Community trusted police in wake of Sheku Bayoh death, ex-officer tells inquiry
A former police inspector has said she believes there was no adverse reaction in the days following Sheku Bayoh’s death because the community “trusted the police”.
Jane Combe, 52, who retired from the force three years ago, told an inquiry into the 31-year-old’s death that there was no perception in the community of “a big cover up” by Police Scotland.
Mr Bayoh died in handcuffs and sustained multiple injuries after officers responded to calls from the public about a man brandishing a knife and behaving erratically on a Sunday morning in Kirkcaldy, Fife, in May 2015.
His family believe race played a part in his death.
When senior counsel to the inquiry Angela Grahame QC asked Ms Combe why she believed this at the time, she replied: “It’s based on the fact that there were no demonstrations or protests bar one that I am aware of.”
When asked to give more detail on the one event she remembers in response to Mr Bayoh’s death, she described the moment his family came to Kirkcaldy police station.
“That was for me a very peaceful, dignified one, more like a vigil opposed to a demonstration,” she told the inquiry.
“There was no hostility, it wouldn’t be what I would class as a demonstration.”
Ms Grahame, addressing the witness, said: “So when we’re thinking about reaction from the community or in particular from the family, it wasn’t any noisy, difficult demonstration?”
Ms Combe shook her head in response.
Ms Grahame then asked: “You’ve said the local community trusted police… was that the local black community?”
The witness replied: “All community.”
Claire Mitchell QC, acting on behalf of the Bayoh family, made a submission to the inquiry to question the witness further on her answers.
She asked Ms Combe to give more detail on the one event in Fife which she could remember in the wake of Mr Bayoh’s death.
The inquiry heard it was a large-scale march that stopped outside Kirkcaldy police station.
Ms Mitchell said demonstrations and protests can be peaceful and legal, adding: “The inquiry will come to hear that there will be evidence that the Bayoh family in fact stood with a banner that said ‘We Want Answers’ and ‘Without Truth There Can Be No Justice’.”

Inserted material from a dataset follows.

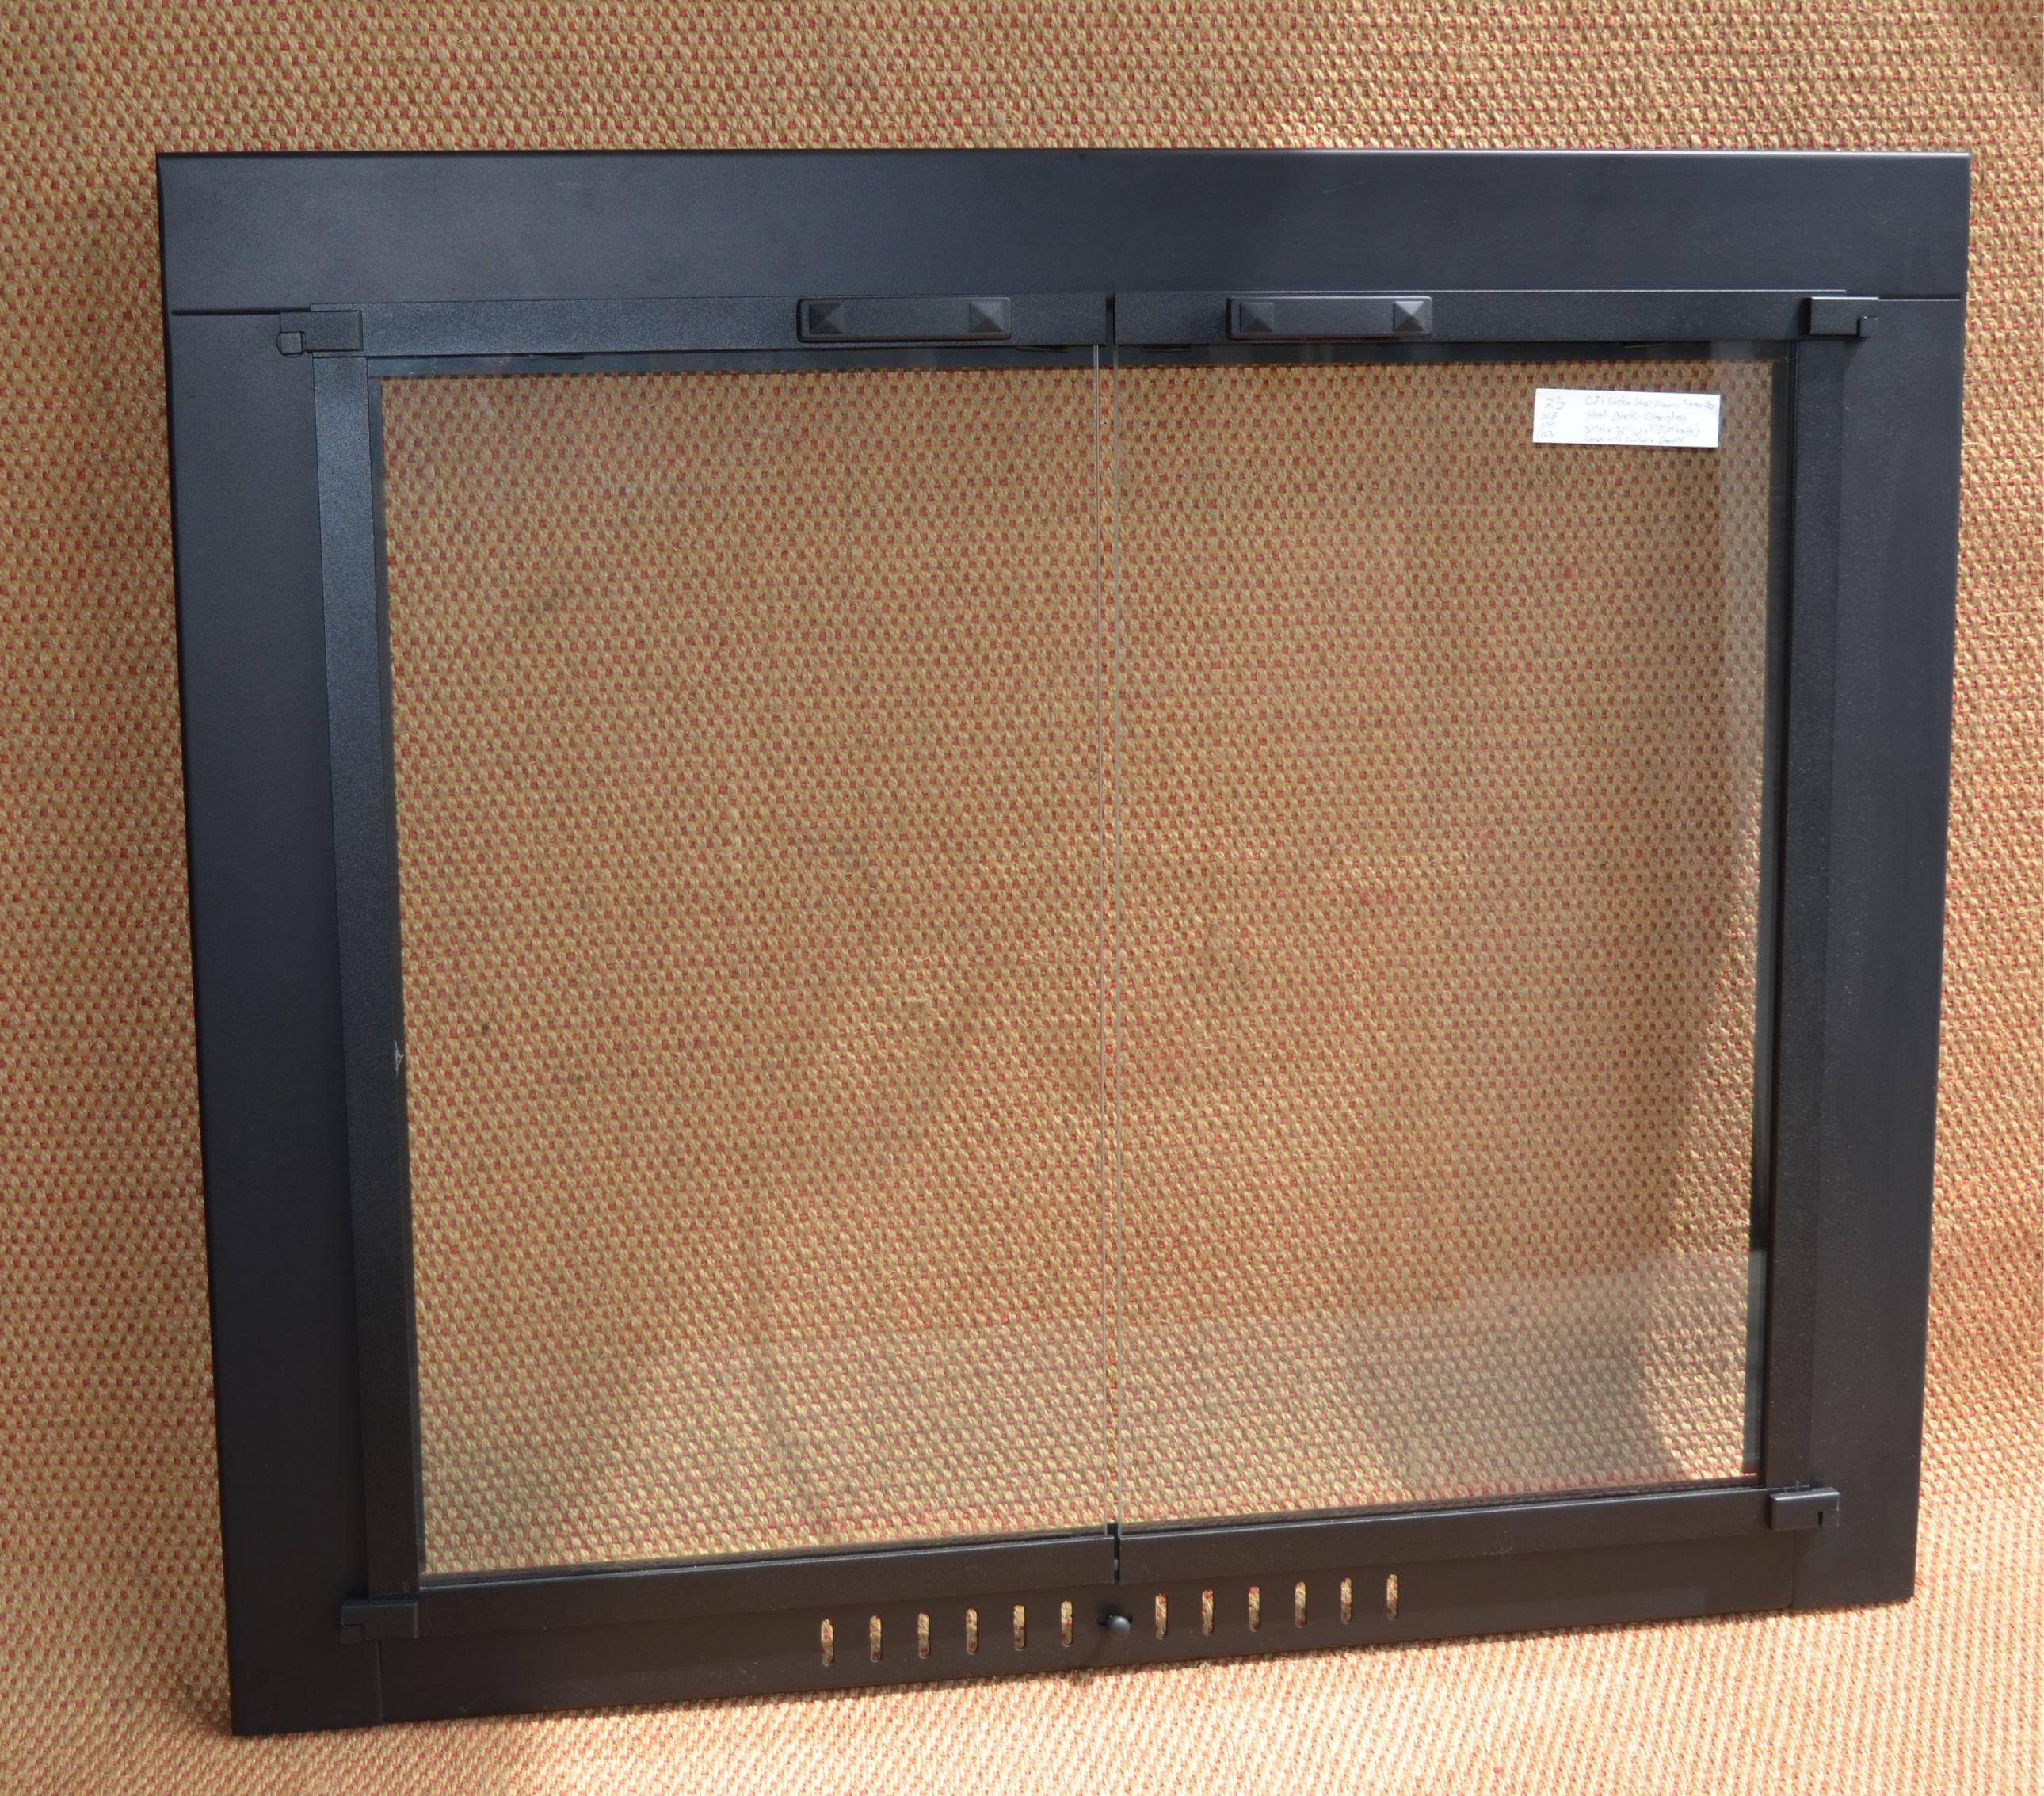 3631 pioneer fireplace door in matte black finish
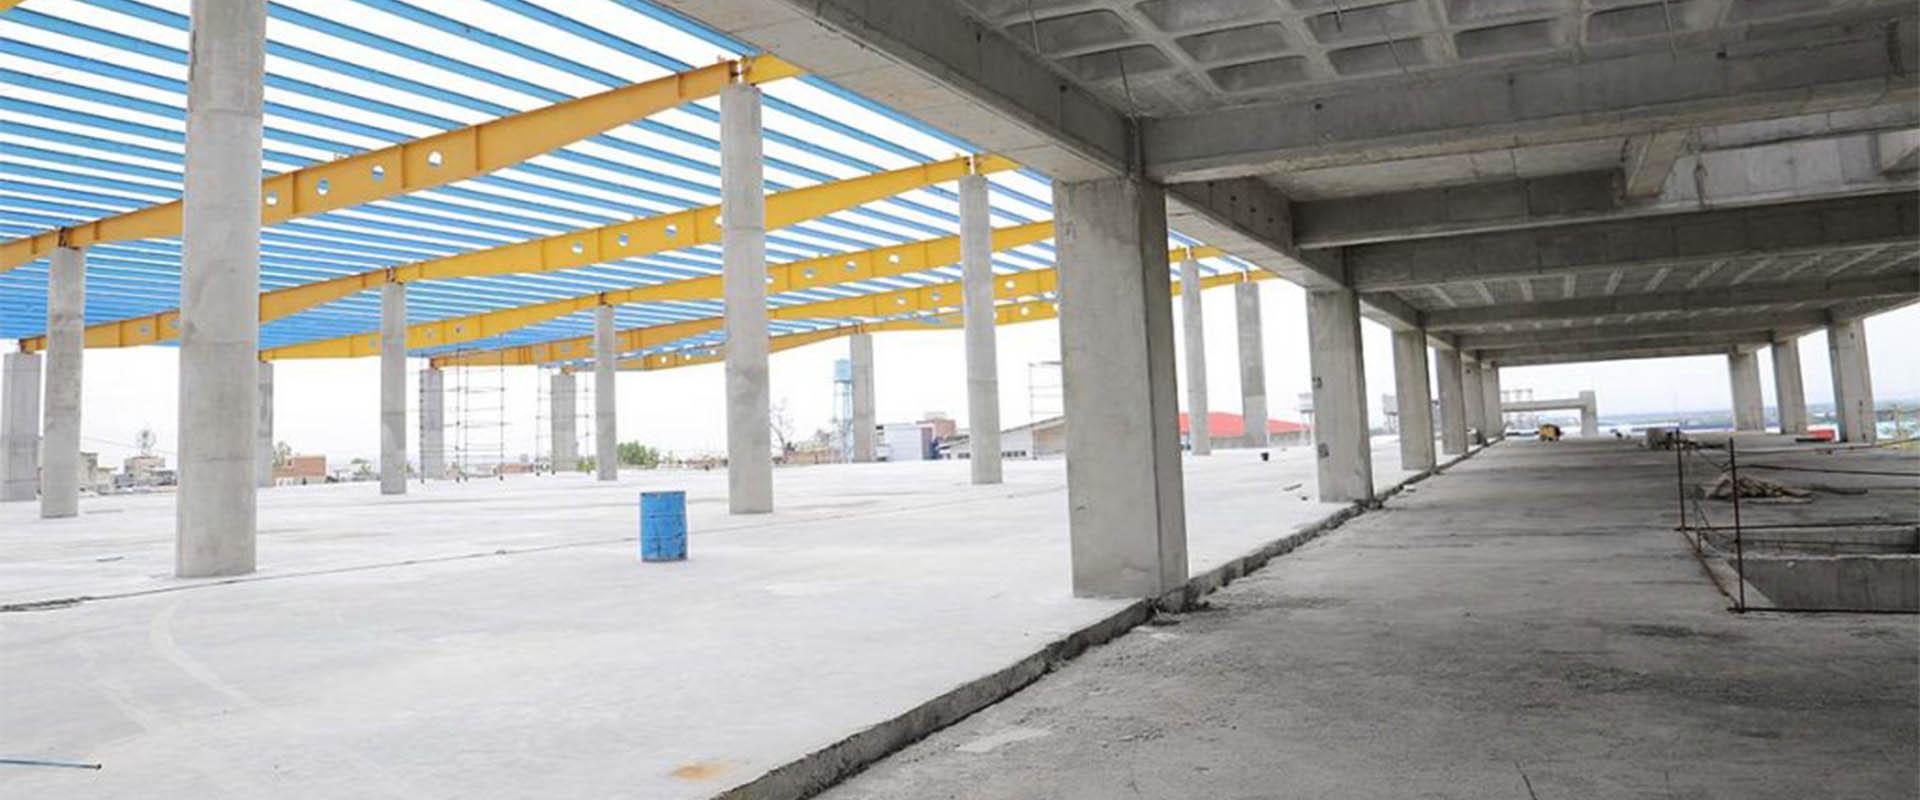 معرفی مصالح ساختمانی جدید سقف وافل

Earlier, the inquiry saw a statement from Ms Combe in which she said: “Following the tragic incident (Mr Bayoh’s death), there were concerns that there would be a negative and adverse reaction from the ethnic minority in Fife and a breakdown in our engagement with these communities which could manifest in demonstration and protest, however due to the continued positive community engagement and dialogue, this was avoided.”
Ms Mitchell asked the witness if she was aware about a breakdown in relations between the police, the family liaison officers and the Bayoh family in the days following Mr Bayoh’s death.
Ms Combe said she had not been.
Ms Mitchell then asked Ms Combe if it was one of her concerns that because Mr Bayoh was black there might be an adverse reaction to his death.
The witness said “potentially, yes”, adding: “If I am being perfectly honest, it’s after anything, whether it’s worldwide or the country, if it’s ethnic minority the media will come on the back of that.”
Ms Combe told the inquiry she never saw officers under her command in Fife being racist, but admitted it would be “naive” to say it did not exist in the force.
Detective Inspector Samantha Davidson, 38, also giving evidence on Friday, was one of the officers at the scene when Mr Bayoh fell unconscious.
She told the inquiry she had no concerns about the level of CPR that was given at the time and that the handcuffs applied were not causing any issue, adding: “It was effective, it was ongoing.”
She said she did not think she needed to intervene at any point.
But Ms Davidson said the moment Mr Bayoh was becoming unresponsive and in cardiac arrest, the situation changed to a more serious incident and something her unit, the Criminal Investigations Unit (CDI), would lead on.
Ms Grahame asked Ms Davidson if any police training is given in relation to race, discrimination, bias.
The detective replied: “It’s about integrity, fairness and respect for all cultures within your community.
“It doesn’t go specific, it’s about the overarching values, and how you should have those values on or off duty.”
Asked if any of it involved awareness of unconscious bias, Ms Davidson replied: “I don’t believe it was labelled unconscious bias, I don’t recall.”
When asked if she had been given any tools or skills to guard against bias, prejudice or discrimination, the witness replied: “No tools, it’s inevitable to be open minded, considerate, and if you’re open minded you will make accurate and informed decisions… open mindedness is the main factor for me.”
Ms Grahame asked Ms Davidson if at the time of Mr Bayoh’s death she was aware of any high-profile deaths of people, particularly black men dying, after police restraint.
She replied: “Honestly, uninfluenced, I have no recollection.”
Asked if that was something officers were taught about, she replied: “Possibly, but I can’t recall.”
The inquiry, before Lord Bracadale, continues.